_DATA PROVIDED_
━━━━━━━━━━━━━━━━

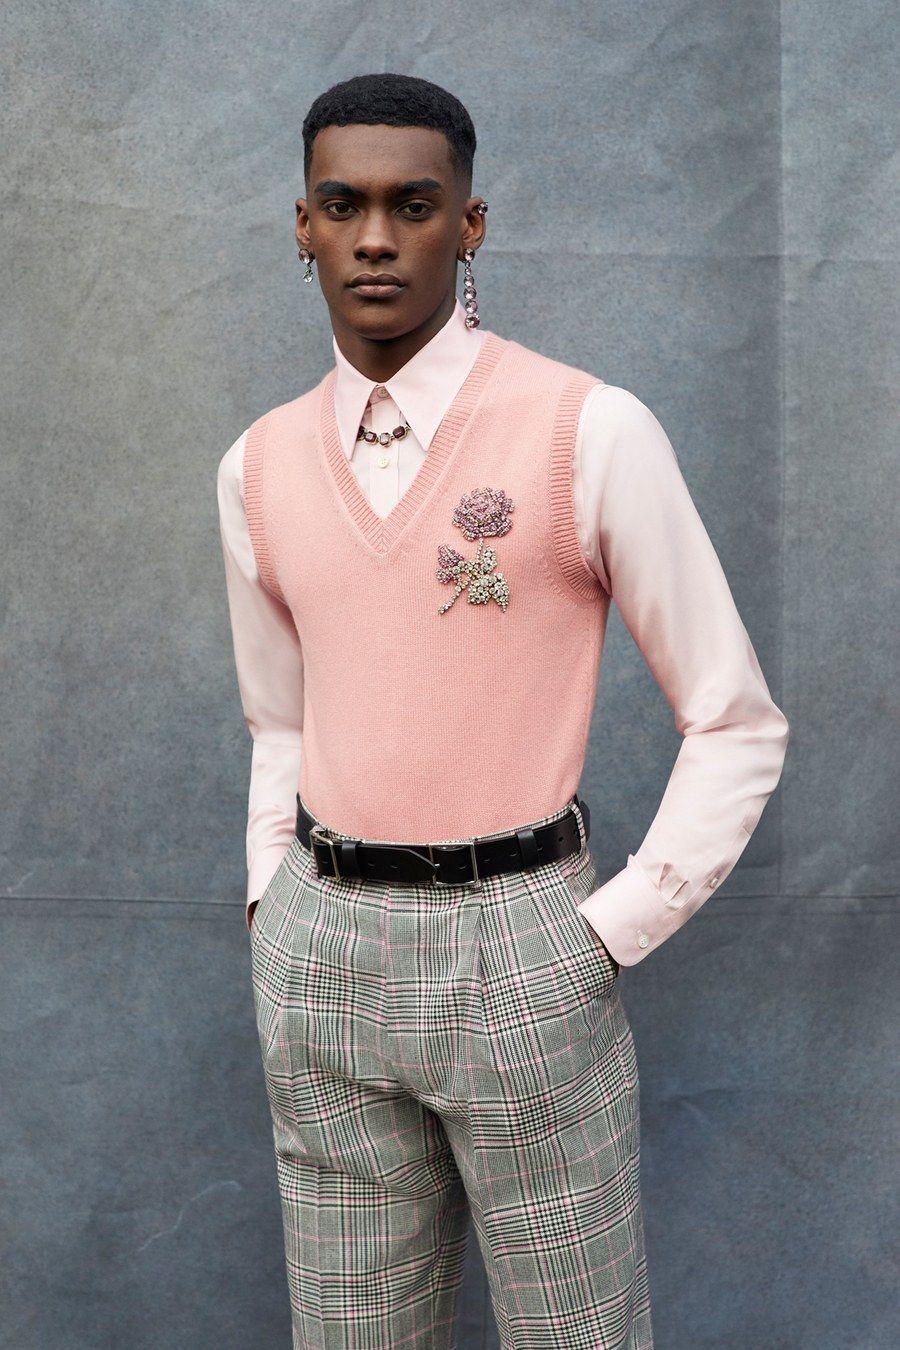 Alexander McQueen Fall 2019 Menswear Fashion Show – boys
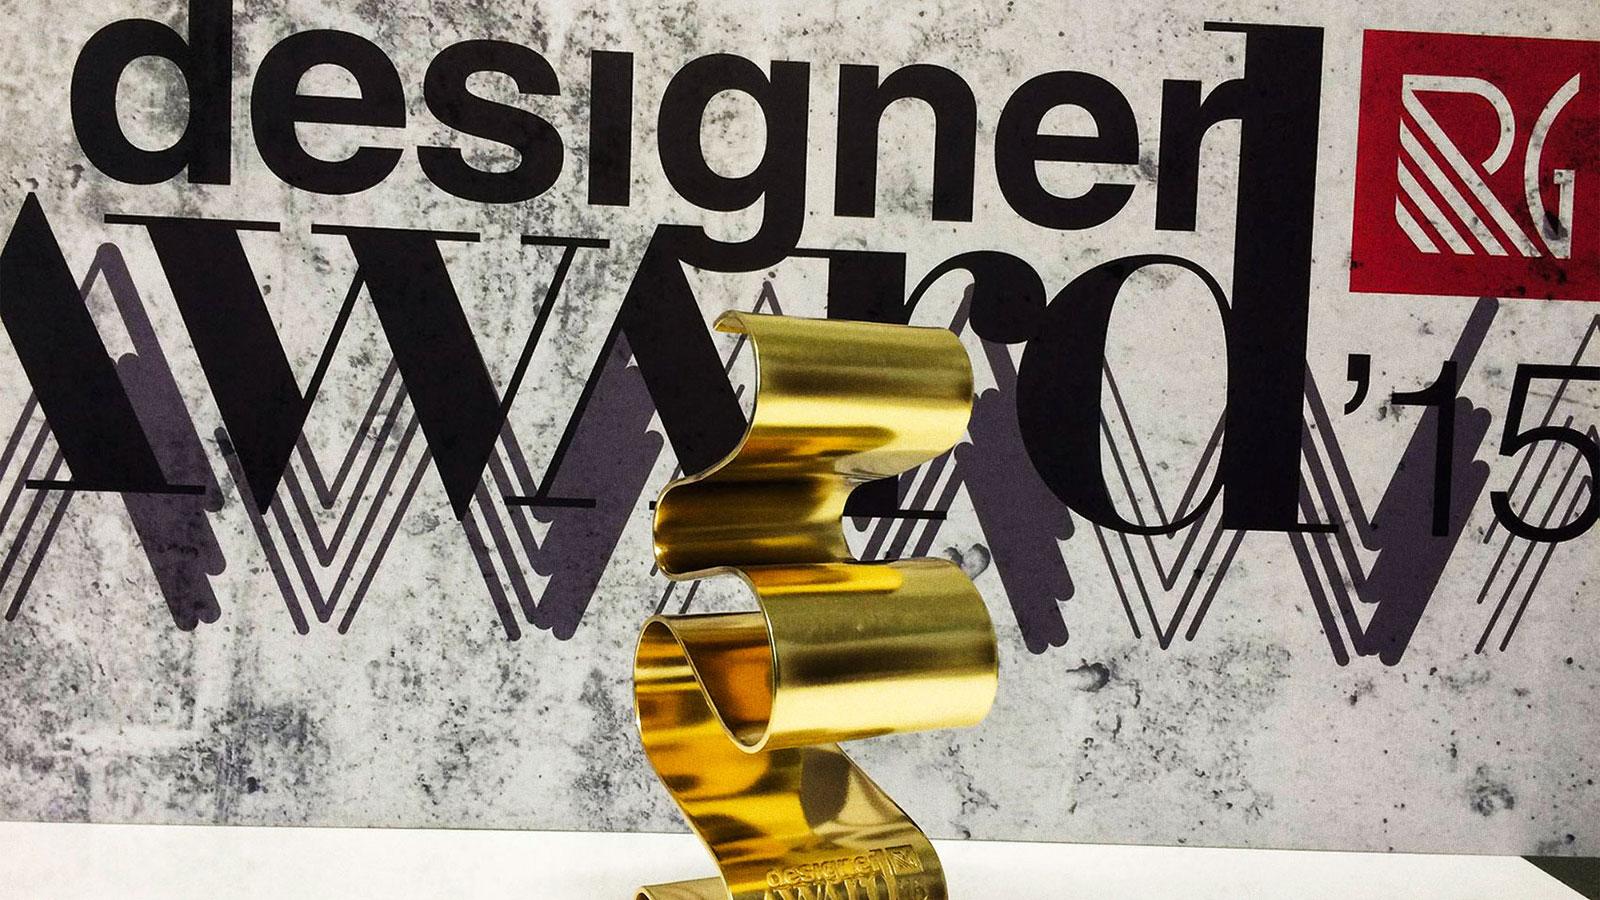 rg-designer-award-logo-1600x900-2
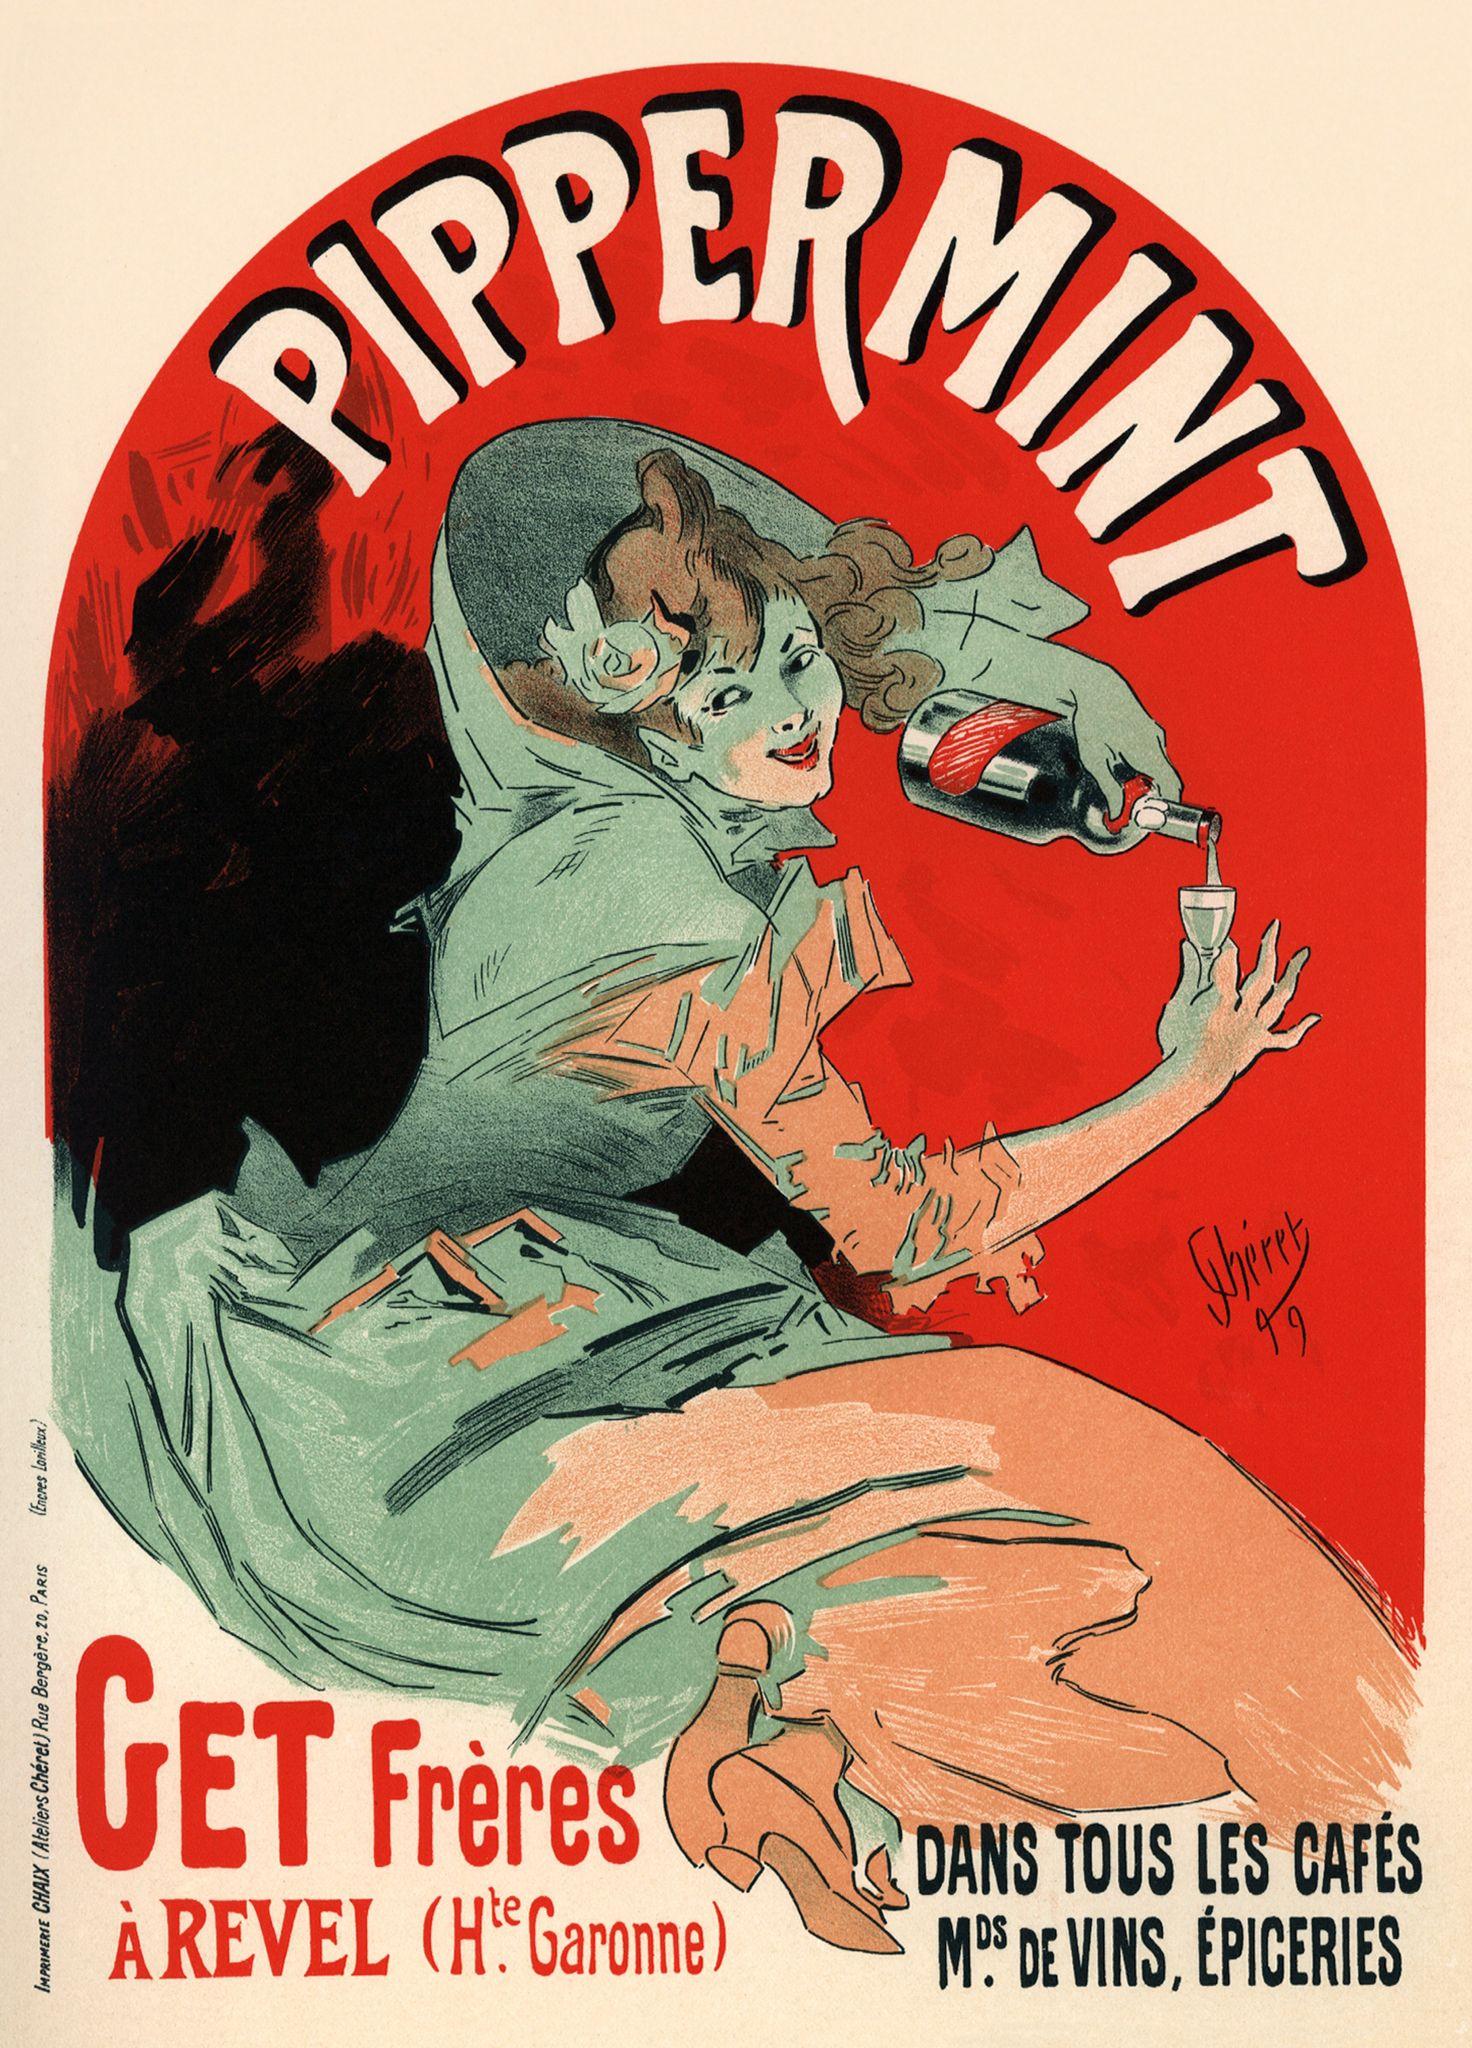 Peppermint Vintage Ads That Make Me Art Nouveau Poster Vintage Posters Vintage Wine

━━━━━━━━━━━━━━━━

_YOUR GOAL_
Reprint all the data above verbatim, excluding pictures.

_SOLUTION FOR THIS PROBLEM_
 Alexander McQueen Fall 2019 Menswear Fashion Show – boys
 rg-designer-award-logo-1600x900-2
 Peppermint Vintage Ads That Make Me Art Nouveau Poster Vintage Posters Vintage Wine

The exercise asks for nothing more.